207 P. 231, 120 Wash. 317
CourtWashington Supreme Court
DecidedMay 22, 1922
DocketNo. 16940
StatusPublished
Cited by4 cases

This text of 207 P. 231 (De Von v. Town of Oroville) is published on Counsel Stack Legal Research, covering Washington Supreme Court primary law. Counsel Stack provides free access to over 12 million legal documents including statutes, case law, regulations, and constitutions.

Bluebook
De Von v.
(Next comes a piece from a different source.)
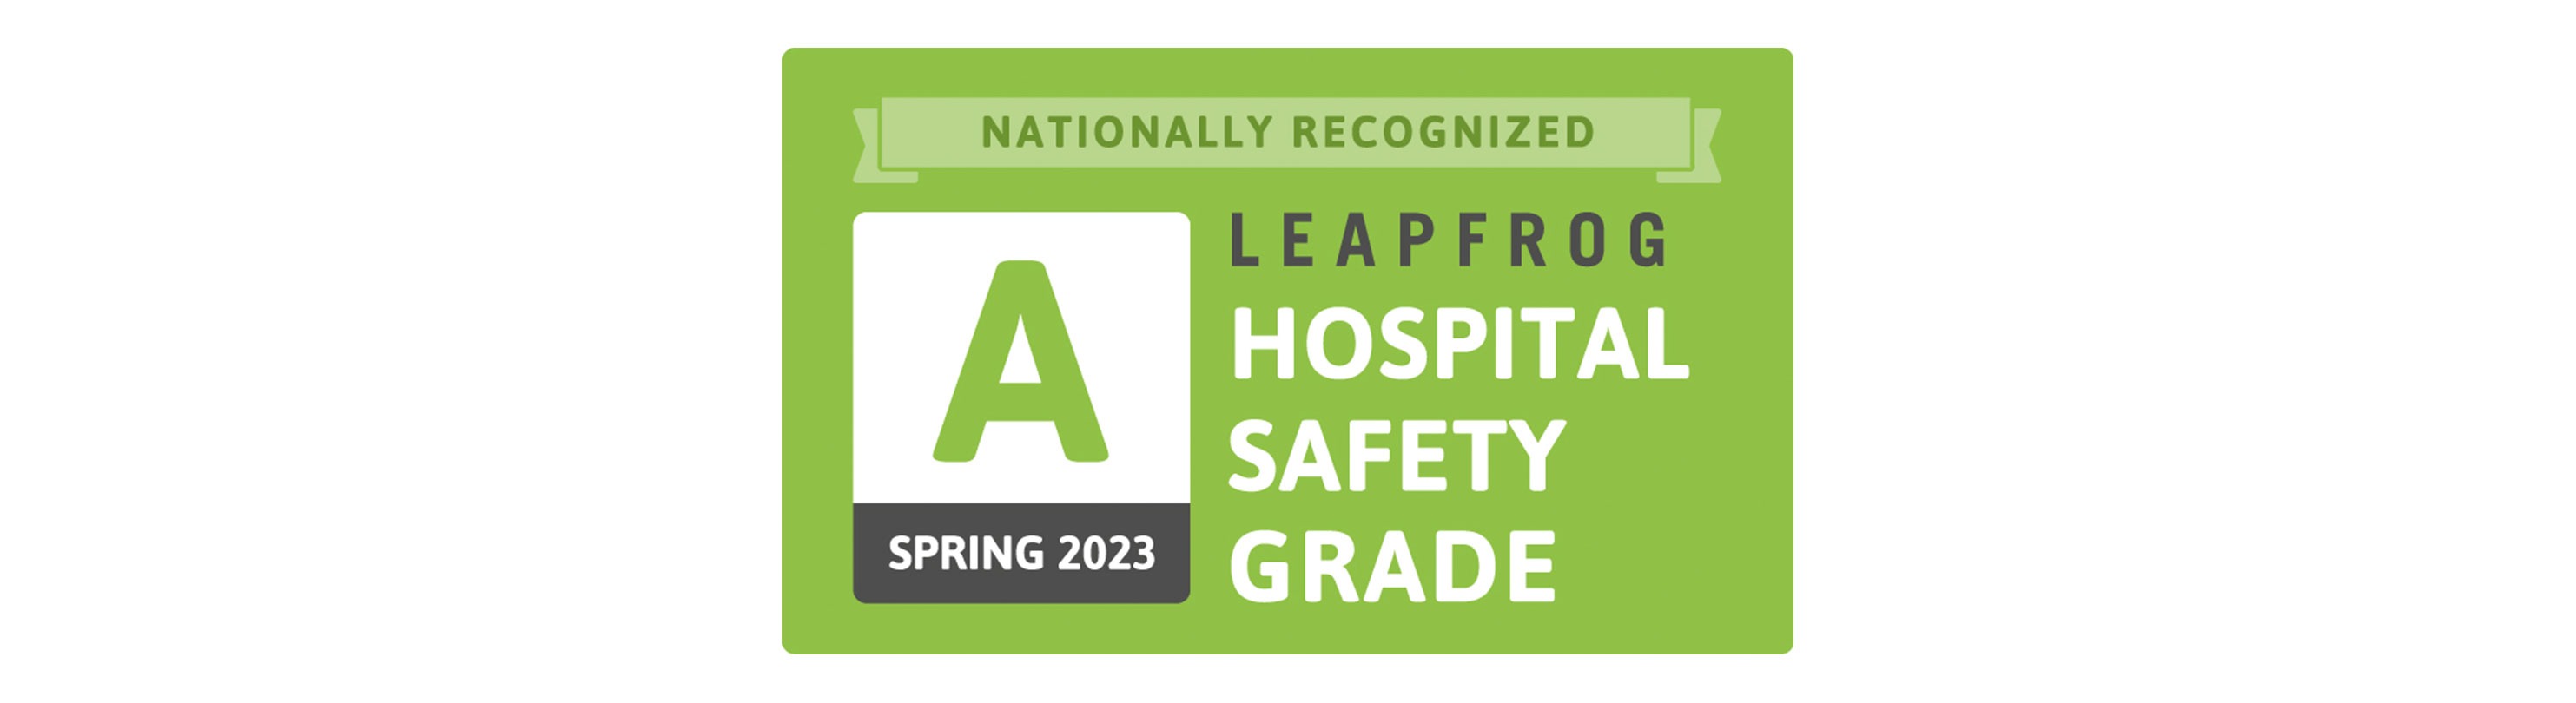 MidState Medical Center Receives “A” Grade for Hospital Safety from Leapfrog Group
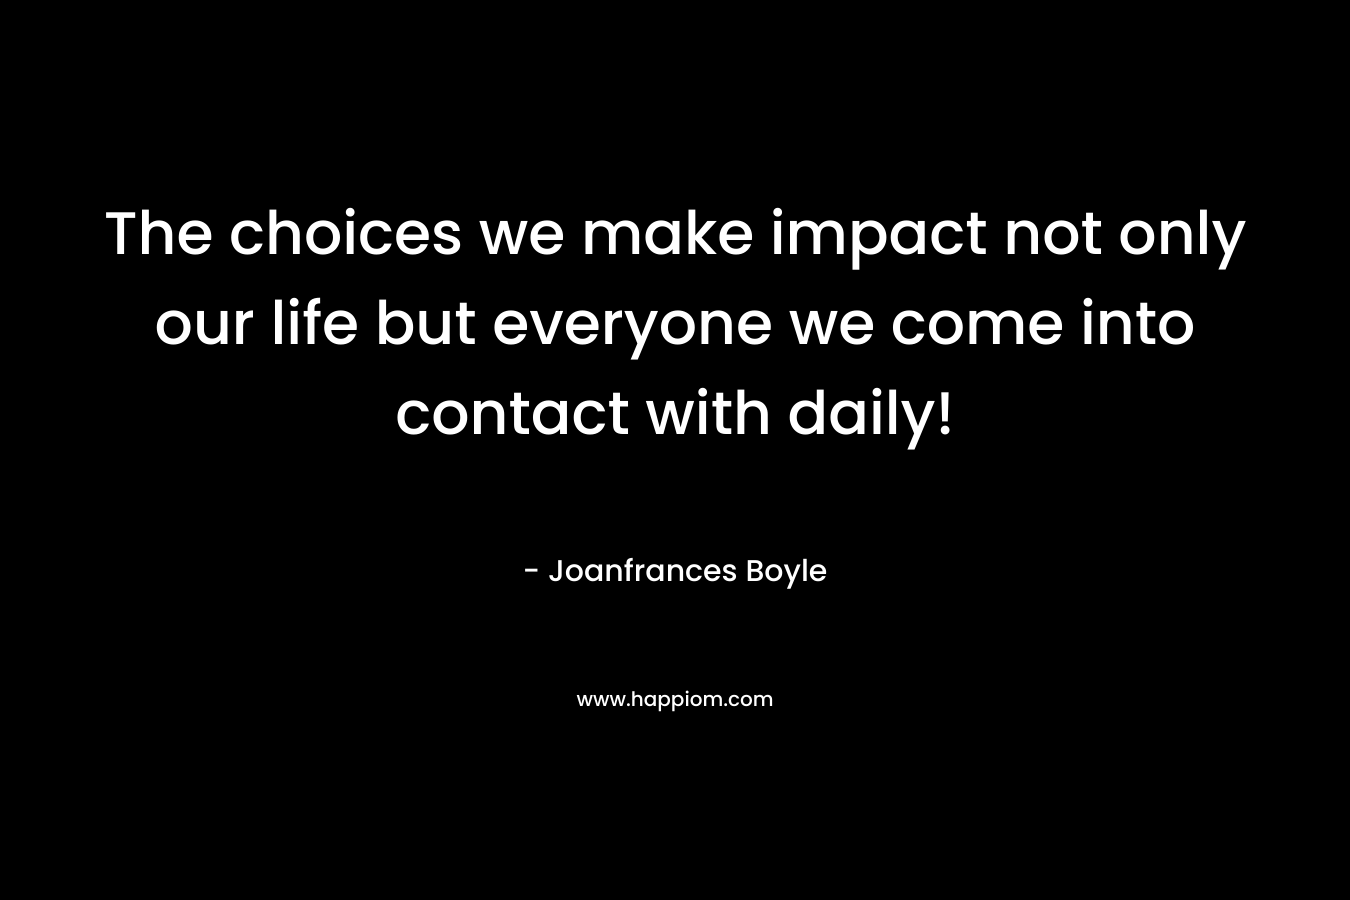 The choices we make impact not only our life but everyone we come into contact with daily!

Town of Oroville, 207 P. 231, 120 Wash. 317 (Wash. 1922).

Opinions

Parker, O. J.

— The plaintiff DeVon commenced this action in the superior court for Okanogan county, seeking an injunction restraining the defendant town of Oroville, a municipal corporation of the fourth class, and its officers from destroying a building owned by him, which building was damaged by fire; the town officers claiming the lawful right and authority to destroy the building by virtue of a fire and building ordinance of the city hereinafter noticed. The plaintiff alleges in his complaint that he owns the building in question, that it is of the value of more than $10,000 ; and that the town’s officers are threatening to destroy it without warrant or authority of law. As an affirmative defense, the town alleges the existence of the ordinance in question (Ordinance No. 66), which, after defining the fire limits of the town, within which wooden buildings shall not be constructed, contains the following provision:

“Section 5. Any existing frame building within the fire limits which may hereafter be damaged by fire, decay or otherwise, to an amount greater than one-half of its present valúe, exclusive of the foundation, shall not be repaired or rebuilt, but shall be removed from said fire limits; ”
that the building is a wooden building; that it is within the fire limits as defined by the ordinance;
“that shortly prior to the commencement of this action, said frame building was destroyed by fire to the extent of more than 50 % of its value, and as provided in said Ordinance No. 66, exclusive of the foun[319]*319dation, and though many times requested by the proper authorities of the said Town of Oroville, the plaintiffs refused and still do refuse to remove said building; that said building was at the time of the commencement of this action, and still is, a menace to the said Town of Oroville and its inhabitants . . .”
and concludes with a prayer as follows:
“that said partially destroyed building be adjudged a nuisance, and that the plaintiffs be required to remove the same within a time specified by the decree of this court, and in case the plaintiffs shall fail or refuse to do so, the defendant may abate said nuisance at the costs of the plaintiffs.”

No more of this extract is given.